Information provided:
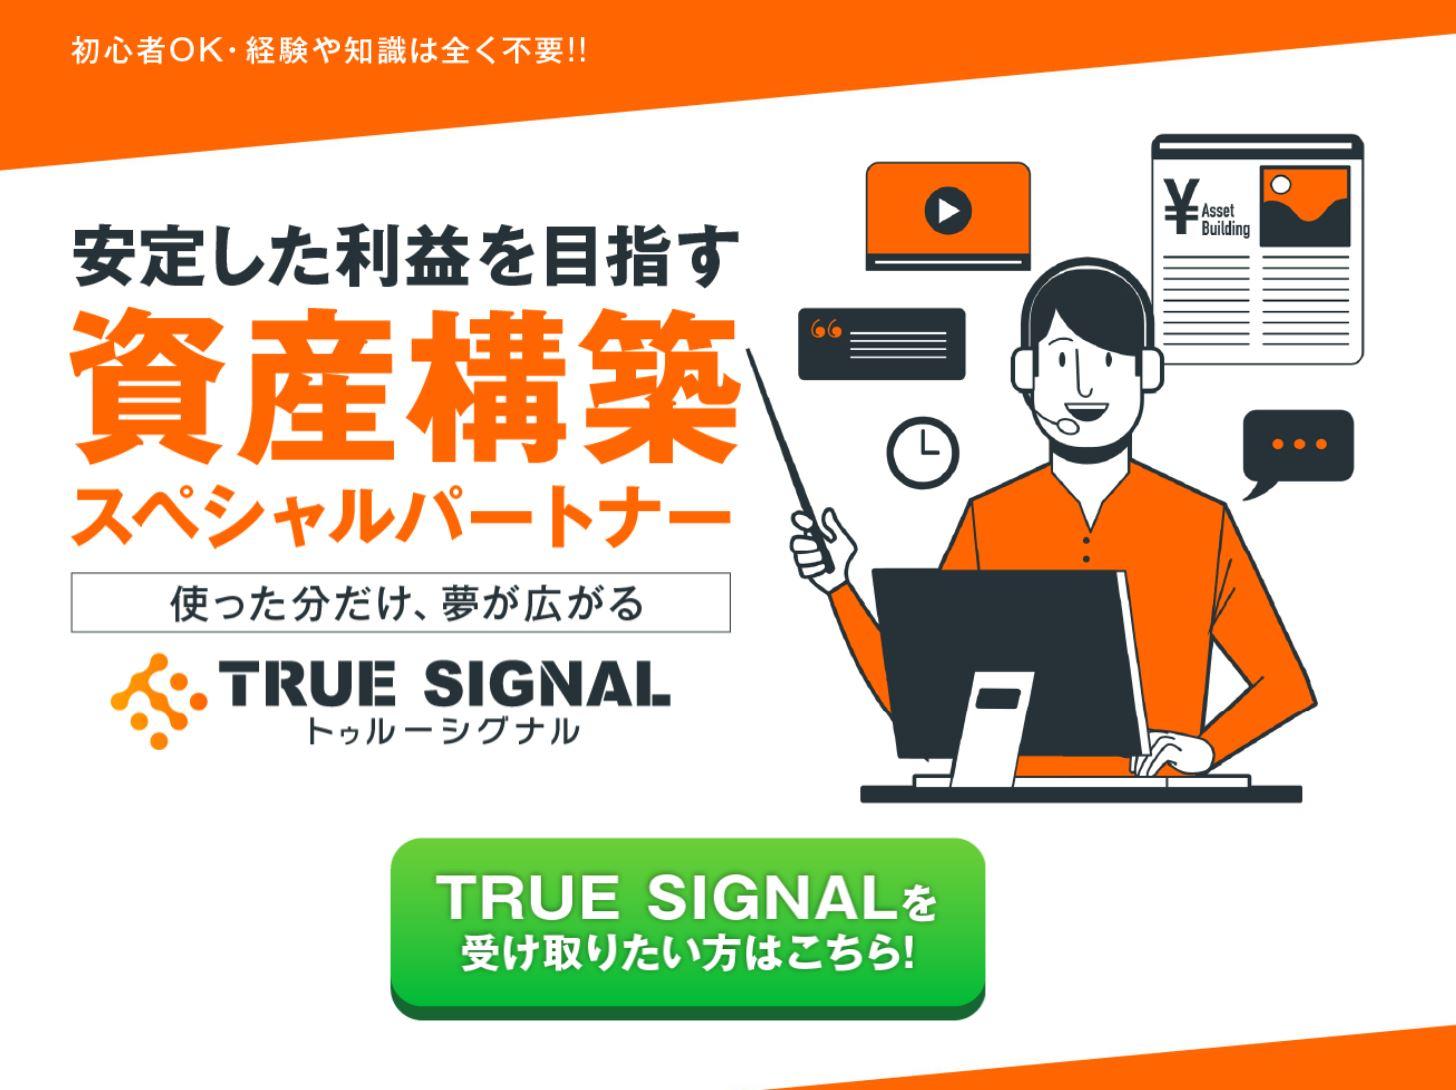 【注意】TRUE SIGNAL(トゥルーシグナル)は稼げない?副業調査
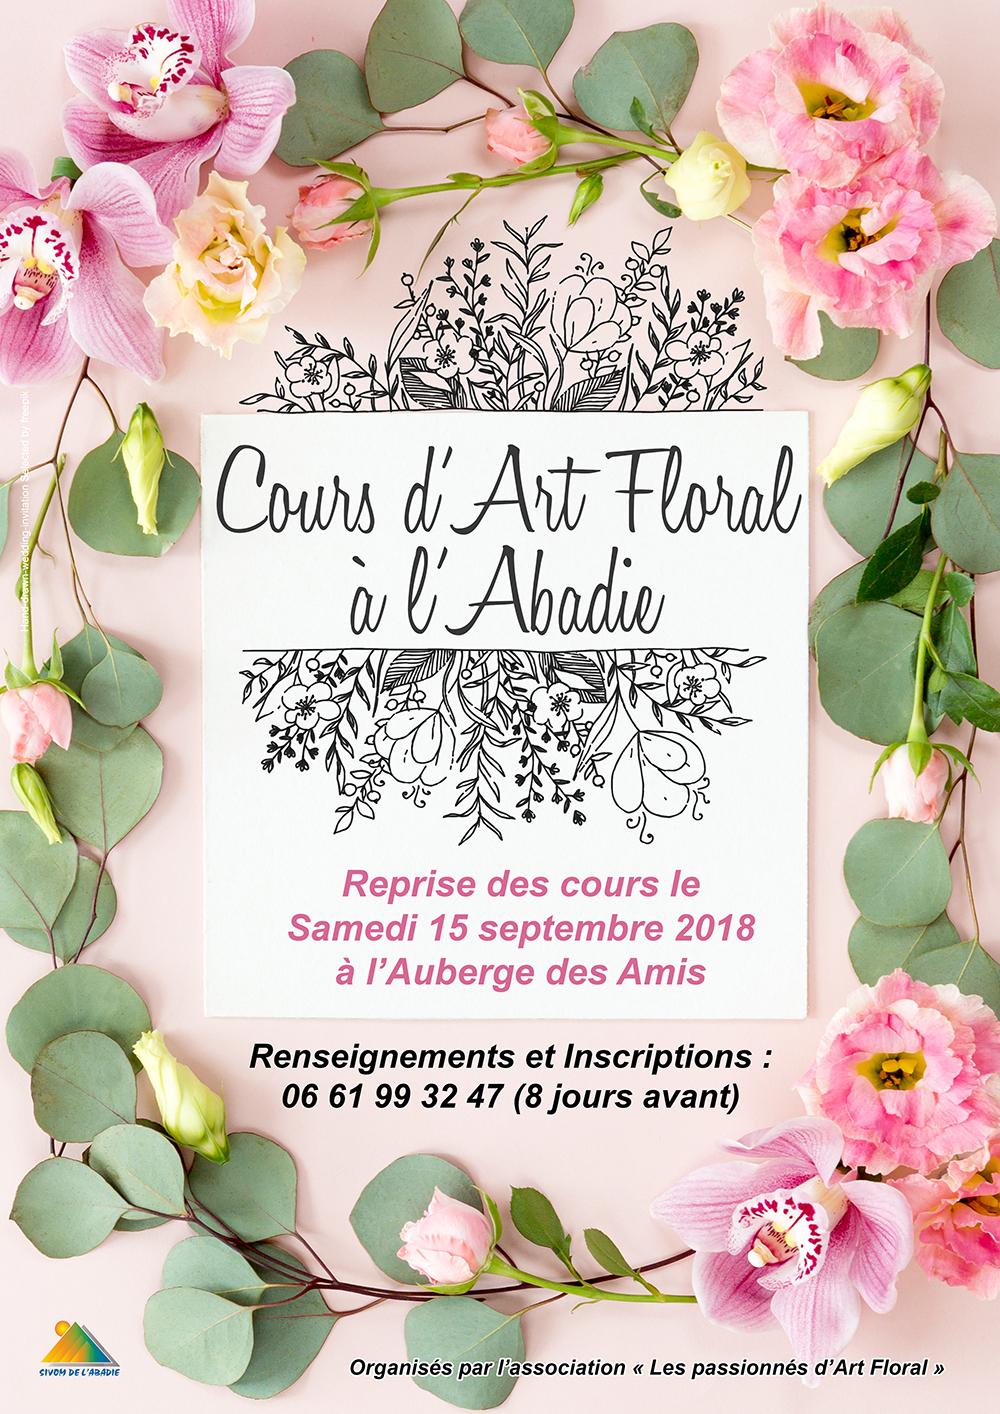 affiche Cours d'Art Floral à l'Abadie
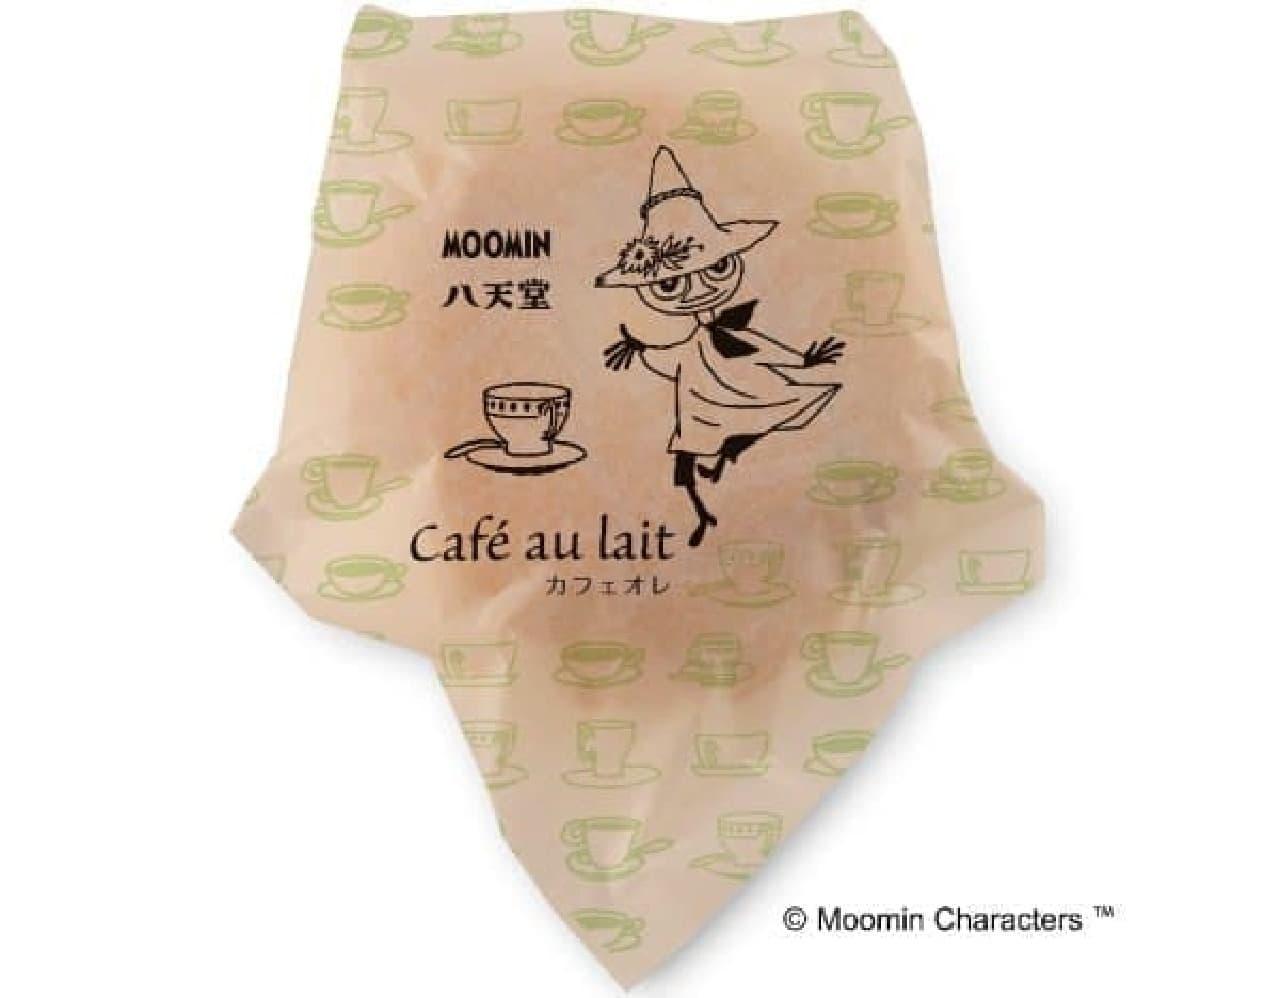 八天堂「ムーミン カフェオレくりーむパン」
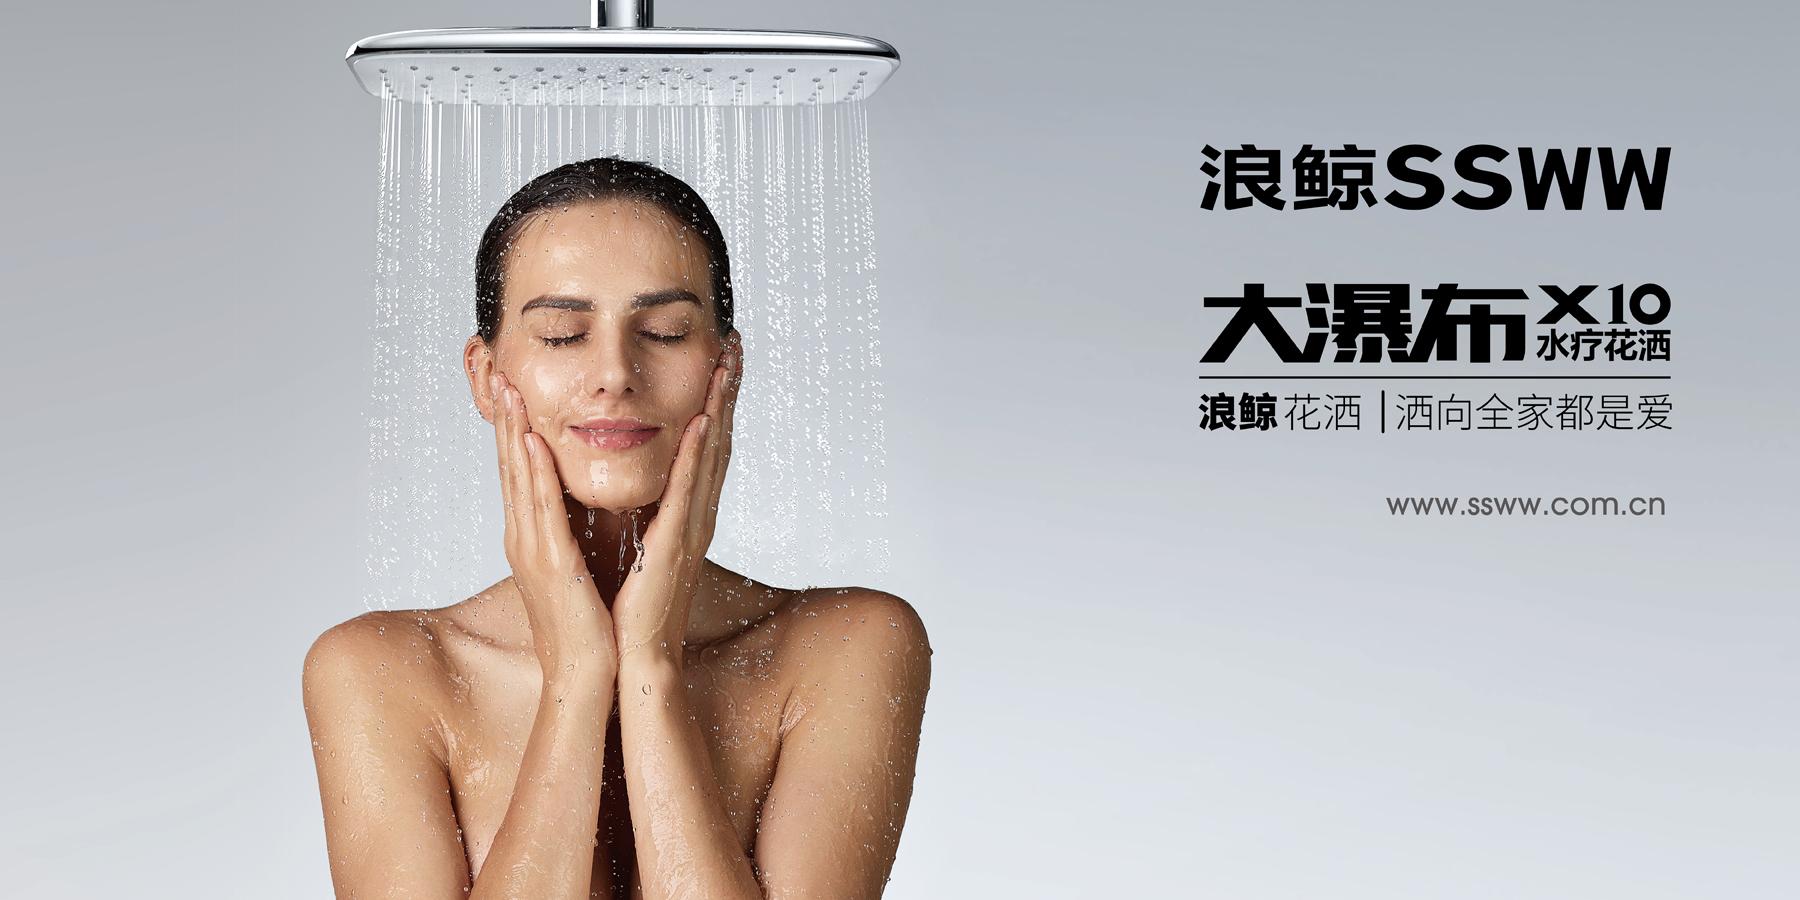 浪鲸卫浴亮相第125届广交会展现品牌硬核实力

What to produce: Once the pictures are dropped, repeat the data above exactly.

Expected output:
 【注意】TRUE SIGNAL(トゥルーシグナル)は稼げない?副業調査
 affiche Cours d'Art Floral à l'Abadie
 八天堂「ムーミン カフェオレくりーむパン」
 浪鲸卫浴亮相第125届广交会展现品牌硬核实力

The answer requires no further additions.